By: Adam Carolla
And Other Complaints from an Angry Middle-Aged White Guy
Genre: Humor
Random House Inc
November 1, 2010
On Sale: November 2, 2010
Featuring:
256 pages
ISBN: 0307717372
EAN: 9780307717375
Hardcover
Book Summary
A couple years back, I was at the Phoenix airport
bar. It was empty except for one heavy-set, gray
bearded, grizzled guy who looked like he just rode his
donkey into town after a long day of panning for silver in
them thar hills. He ordered a Jack Daniels straight
up, and that's when I overheard the young guy with the
earring behind the bar asking him if he had ID. At
first the old sea captain just laughed. But the guy
with the twinkle in his ear asked again. At this point
it became apparent that he was serious. Dan Haggerty's
dad fired back, "You've got to be kidding me, son."
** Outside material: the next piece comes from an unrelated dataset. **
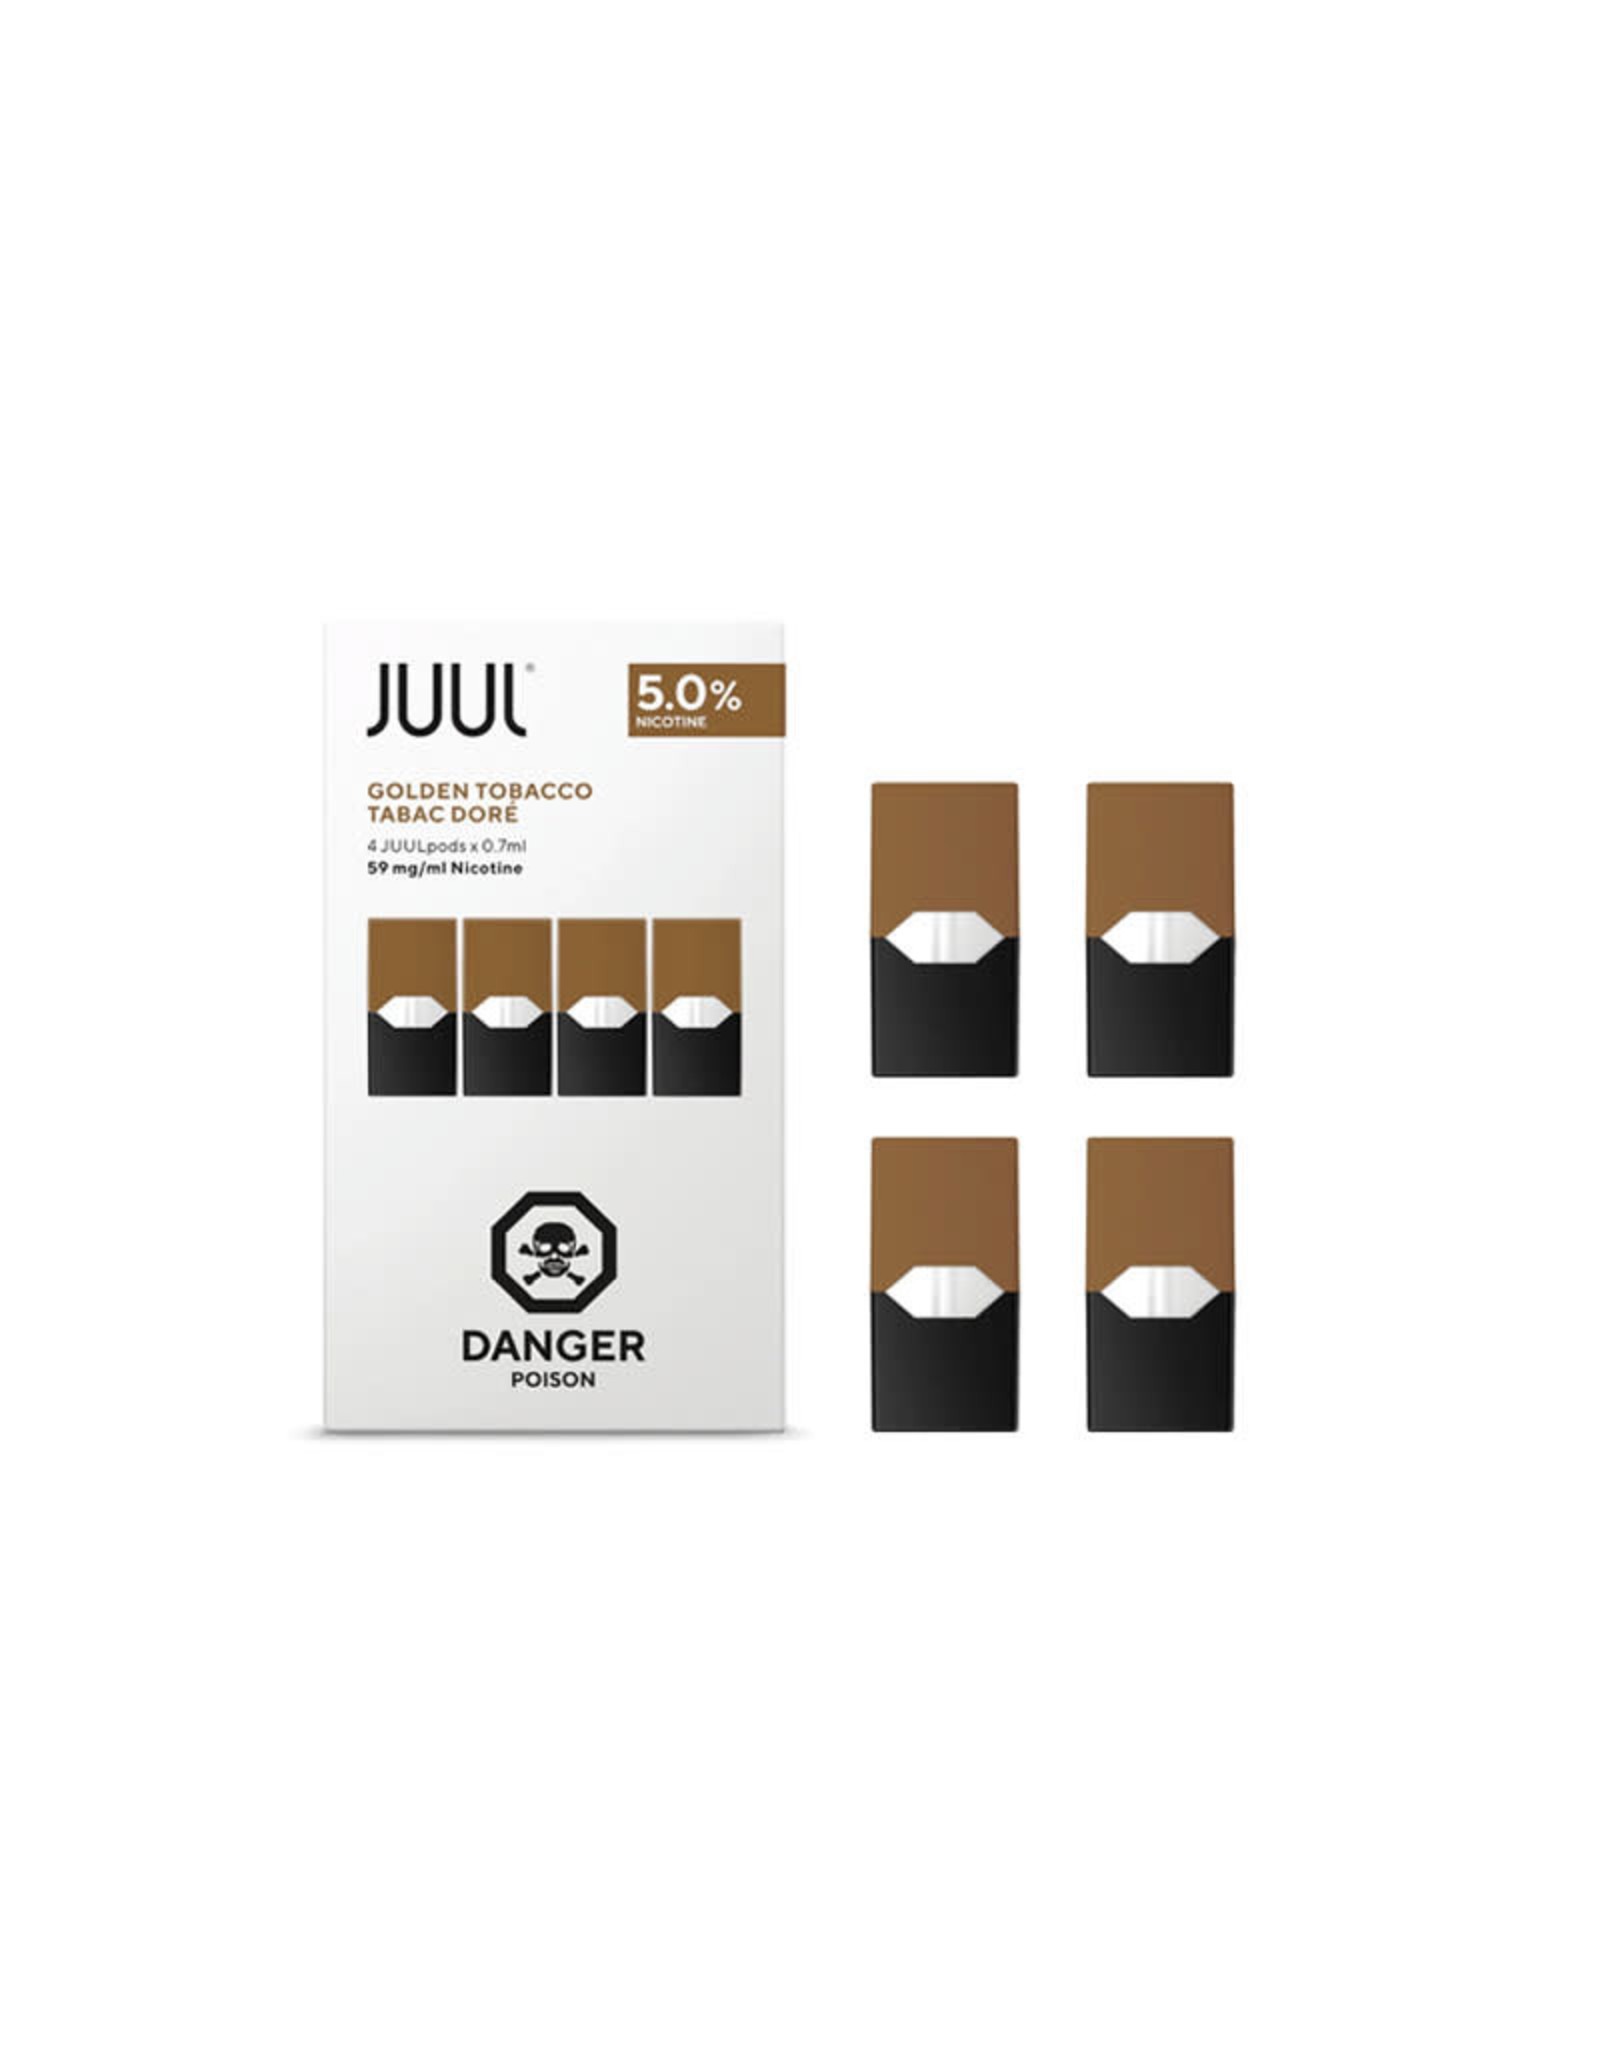 JUUL JUUL - Golden Tobacco

The bartender replied, "New policy. Everyone has to
show their ID." Then I watched Burl Ives reluctantly
reach into his dungarees and pull out his military
identification card from World War II.
It's a sad
and eerie harbinger of our times that the Oprah-watching,
crystal-rubbing, Whole Foods-shopping moms and their whipped
attorney husbands have taken the ability to reason away from
the poor schlub who makes the Bloody Marys. What we
used to settle with common sense or a fist, we now settle
with hand sanitizer and lawyers. Adam Carolla has had
enough of this insanity and he's here to help us get our
collective balls back.
In Fifty Years We'll All Be Chicks is Adam's comedic gospel of modern America. He rips into the absurdity of the culture that demonized the peanut butter and jelly sandwich, turned the nation's bathrooms into a lawless free-for-all of urine and fecal matter, and put its citizens at the mercy of a bunch of minimum wagers with axes to grind. Peppered between complaints Carolla shares candid anecdotes from his day to day life as well as his past—Sunday football at Jimmy Kimmel's house, his attempts to raise his kids in a society that he mostly disagrees with, his big showbiz break, and much, much more. Brilliantly showcasing Adam's spot-on sense of humor, this book cements his status as a cultural commentator/comedian/complainer extraordinaire.